Rich Hofmann: Rest is history for pitching strategy

November 03, 2009
  • Cliff Lee lasted seven innings after manager Charlie Manuel decided to start him on normal rest.

SOMETIMES YOU get the 3 days' rest and sometimes the 3 days' rest gets you, or something like that.

This World Series has come down to two managers, Joe Girardi and Charlie Manuel, two men and two fundamental decisions they have made about how to use their pitching staffs. The contrast is rarely this stark and now there is no turning back.

Girardi has gambled on stressing his best arms. Manuel has calmly counted on the depth of his staff. Girardi has sent out CC Sabathia and A.J. Burnett on short rest and now seen Burnett blow up on him, giving the Phillies their opening. Manuel resisted the temptation to force the issue with Cliff Lee in Game 4 and was rewarded with resuscitation by Lee in Game 5, in what turned out to be a wild, 8-6 victory.

Now Andy Pettitte will likely pitch for the Yankees in Game 6 on short rest. Now Pedro Martinez will pitch for the Phillies on regular rest.

And the Phillies can see daylight.

Manuel has been second-guessed, exhaustively. Forget that almost nobody wanted to deal with the predicate: that if Lee pitched Game 4 on short rest instead of Joe Blanton, Blanton still would have had to pitch Game 5. The only question was the order.

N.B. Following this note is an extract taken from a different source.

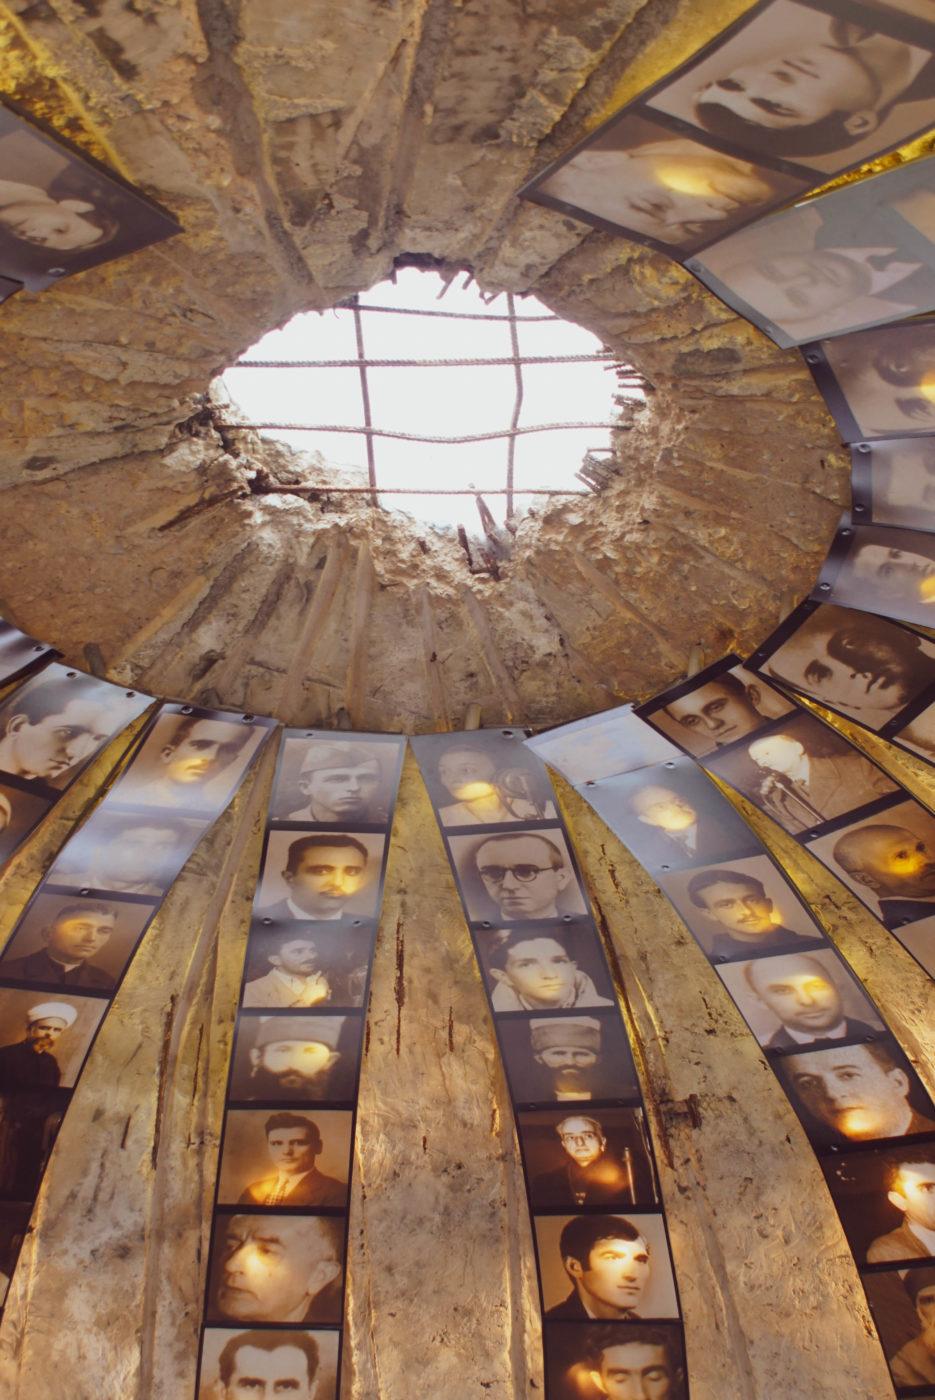 Zu sehen ist der Eingang des Bunkermuseums in Tirana von Innen. An der Bunker decke ist ein Loch im Stahlbeton. Sternförmig von diesem laufen Fotos mit den Opfern von der Decke

Manuel made this unspoken calculation: that the risk of starting Lee on short rest for the first time in his career was greater than the risk that his team would be irreparably demoralized if it fell behind in the series by three games to one. It was absolutely the right call. To do anything else would have been to panic.

Yet the second-guessing resounded.

"That doesn't bother me," Manuel said. "Like I said, I've seen it both ways. I've seen it work, and I've seen it not work . . .

"If we would have pitched Lee [in Game 4] and he would have won, we'd still need to win today's game. I mean, that's kind of the way I look at it. And who's to say that if Lee pitches tonight and we win, who's to say - he might pitch again."

And after watching Lee give the Phillies seven reasonable innings (five runs), and watching Burnett completely go ka-boom, failing to get an out in the third inning before departing, Manuel's words just hang there:

I've seen it work and I've seen it not work . . .

After the Yankees won Game 4 and took their 3-1 series lead, Girardi did have a decision. With his hard-earned cushion, the question was if he would insert lightly used starter Chad Gaudin into the Game 5 slot, moving Burnett back to Game 6.